企業が保険料を肩代わり フリーインシュアランスモデル

庄野裕介氏(Warrantee)

家電の保証書をなくした経験から保証書管理アプリを企画

今年4月、スポンサー企業が保険料を支払うことで、ユーザーが無料で保険に加入することができるビジネスモデル「フリーインシュアランス」の事業戦略発表を行ったWarrantee(ワランティ)。

「フリーインシュアランス」とは、これまでユーザーが負担していた損害保険、医療保険などの保険料を企業がスポンサーとなって負担し、代わりにユーザーデータを活用できるようにするビジネスモデルだ。

2013年創業のワランティの事業は、そもそもは家電などの保証書を電子化して保管できる一般ユーザー向けのアプリ「Warrantee」の提供からスタートした。事業開発のきっかけについて、同社・代表取締役の庄野裕介氏はこう語る。

「大学時代に初めて一人暮らしをし、家電が壊れてしまったが、保証書が見つからず不自由な思いをしたことがきっかけで思いついたサービス。大学在学時に、シリコンバレーで投資家の前でアイデアを発表する機会を得、そこで評価を受けたことで事業化に自信をつけた」(庄野氏)。

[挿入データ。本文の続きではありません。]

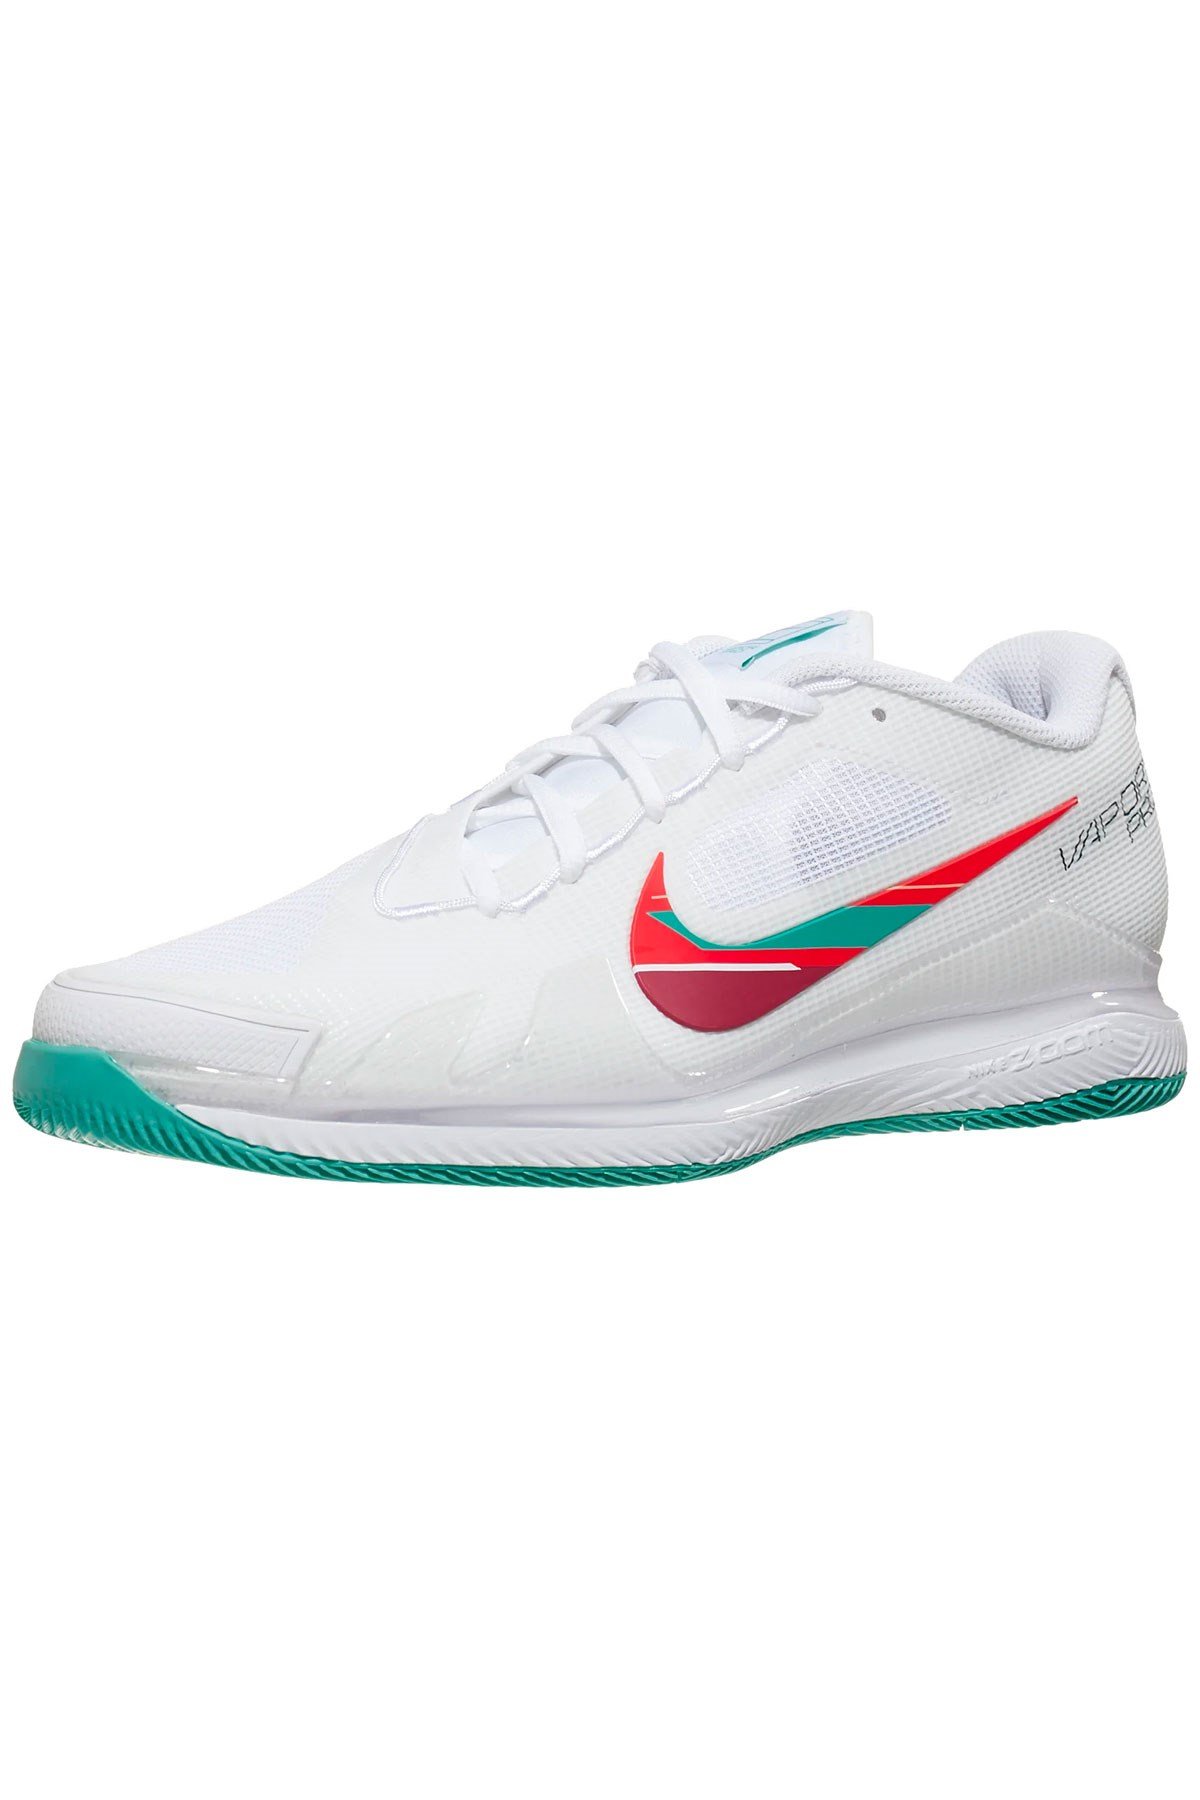 Nike Zoom Vapor Pro HC Beyaz Yeşil Kadın Tenis Ayakkabısı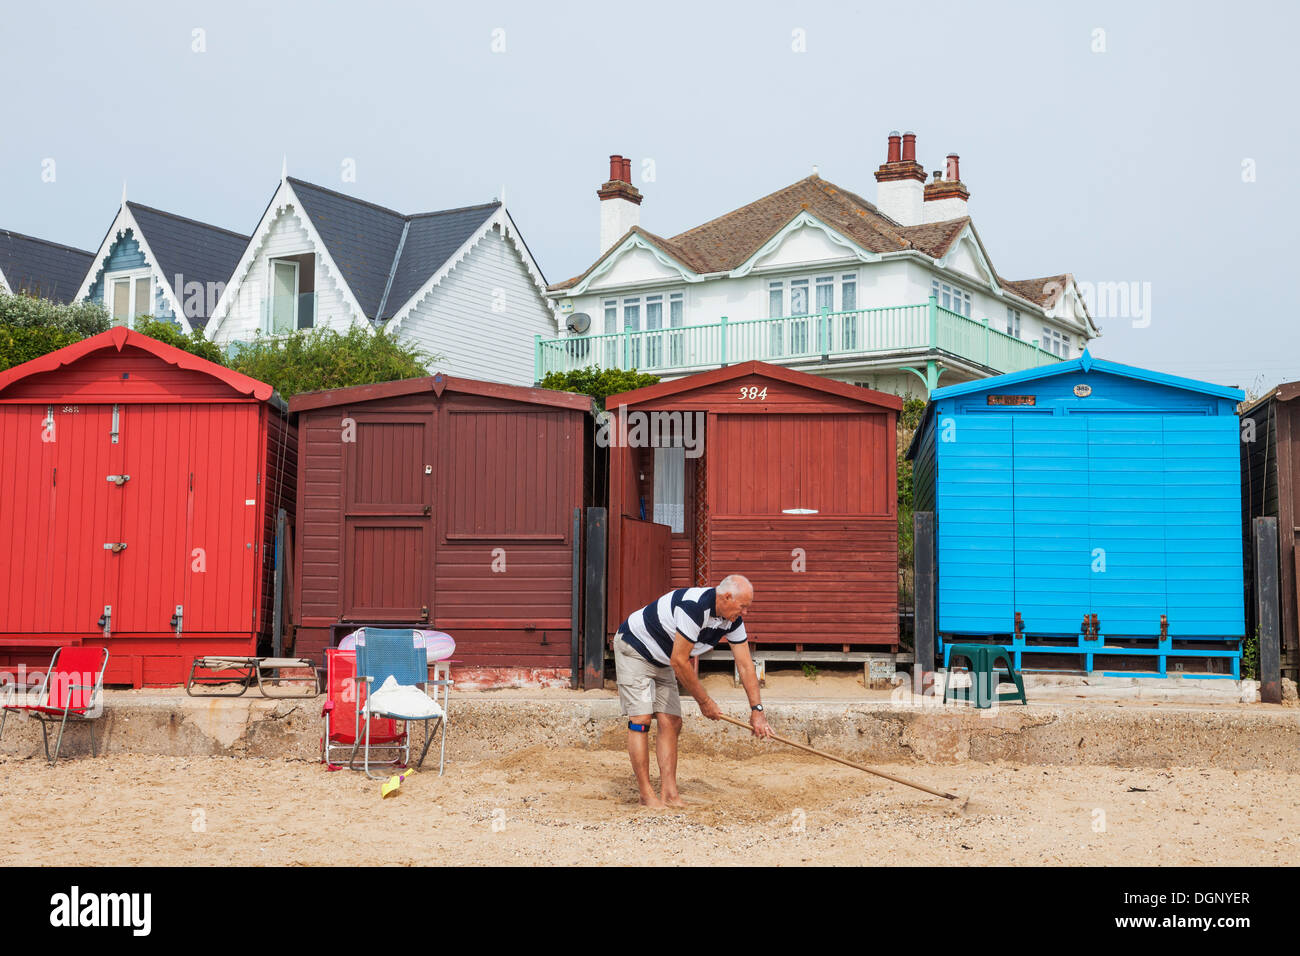 England, East Anglia, Essex, Walton-on-the-Naze, Beach Huts Stock Photo

その後、アプリを利用するユーザーから保証書の電子化だけでなく、メーカー保証期限を過ぎた後の保険に対するニーズも高かったことから、2017年より新サービス「Warrantee Now」をスタート。生活家電やデジタル家電に24時間単位で保険をかけられるオンデマンド型保険アプリで、この開発・提供に際して同年の7月に東京海上日動火災保険、三井住友海上火災保険、あいおいニッセイ同和損害保険、三井物産インシュアランスの4社との連携を発表している。

適切なタイミングでリーチ ブランドスイッチにも期待

一般ユーザーは「Warrantee」を無料で利用することが可能だが、その背後にあるのがスポンサー企業の存在だ。ユーザーが所有する家電製品などのモノの情報をリストアップし「Warrantee」に登録すると、アプリ内にあるユーザーが所有する製品データ等の個人情報が、同意を得てスポンサー企業へ提供される代わりに、ユーザーは損害保険が無料になるという仕組みである。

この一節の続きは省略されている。